The body which looks after the Government’s holdings in bailed out banks has backed George Osborne’s decision to sell Northern Rock to Virgin Money late last year.
UK Financial Investments says the deal represented the best value for the taxpayer as the terms of the deal mean that including the £747m that Virgin Money initially paid to acquire the bank the final return to the taxpayer should be around £1bn, more than any other bid would have delivered.
It also says that as £37bn of Government loans are repaid over the next 10 to 15 years, the taxpayer should see an overall profit of £11bn.
UKFI’s report adds that selling the bank in late 2011 was the best time to maximise return on the sale.
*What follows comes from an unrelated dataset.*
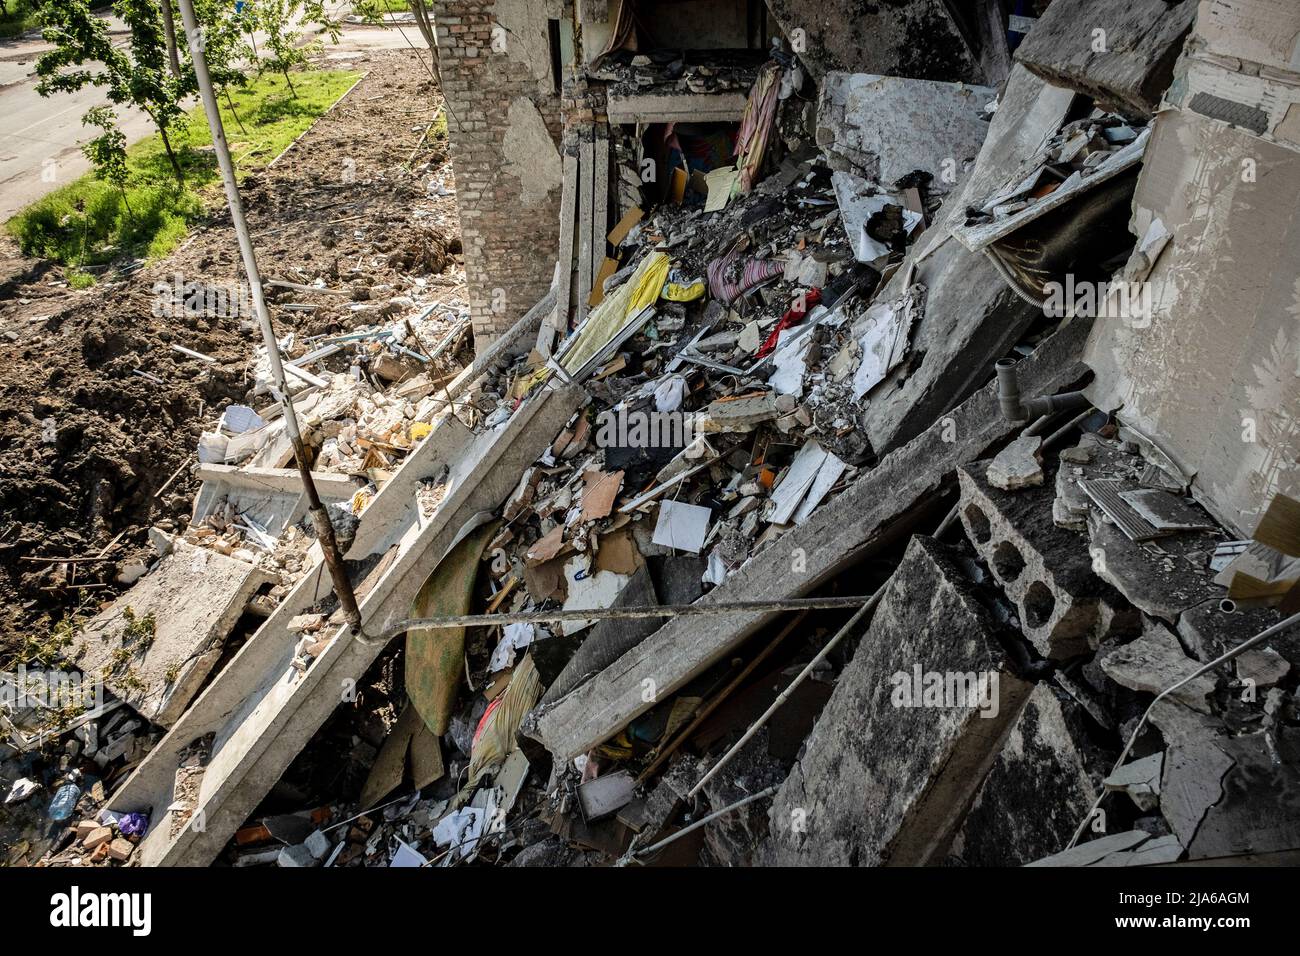 Bakhmut, Dontesk Oblast, Ukraine. 24th May, 2022. Ruins and debris of a residential building in Bakhmut, Donbas. As Bakhmut stands as a key city to Ukrainian forces in defending Donetsk(Donbas) region, the city is under attack by the Russian troops. The Russian invasion of Ukraine started on February 24, the war that has killed numerous civilians and soldiers. (Credit Image: © Alex Chan Tsz Yuk/SOPA Images via ZUMA Press Wire) Stock Photo

It says UKFI was watching bank share prices slide adding that the sale had to be complete before the strict December 31 2013 deadline put in place by the European Commission as a condition of allowing state aid to the bank at the height of the crisis.
The report says: “UKFI, having taken advice from Deutsche Bank, concluded that a sale to Virgin Money was the option that would maximise value for the taxpayer. The transaction met UKFI’s mandated objectives to create and protect value for the taxpayer as shareholder, paying due regard to financial stability and competition and it met the European Commission sale deadline of 31 December 2013.”
The report is likely to be seen as a vindication for Chancellor George Osborne who came in for criticism after he announced in his Mansion House speech last year the bank was being put up for sale.
Labour warned of asset stripping at the bank after the sale because part of Northern Rock’s capital buffer was being used to pay for the bank. The FSA said it was happy capital levels at the bank remained adequate. Some MPs complained more should have been done to remutualise the Rock. The report says even if a mutual had placed a final bid for the firm it would have only brought in half the money a sale would have.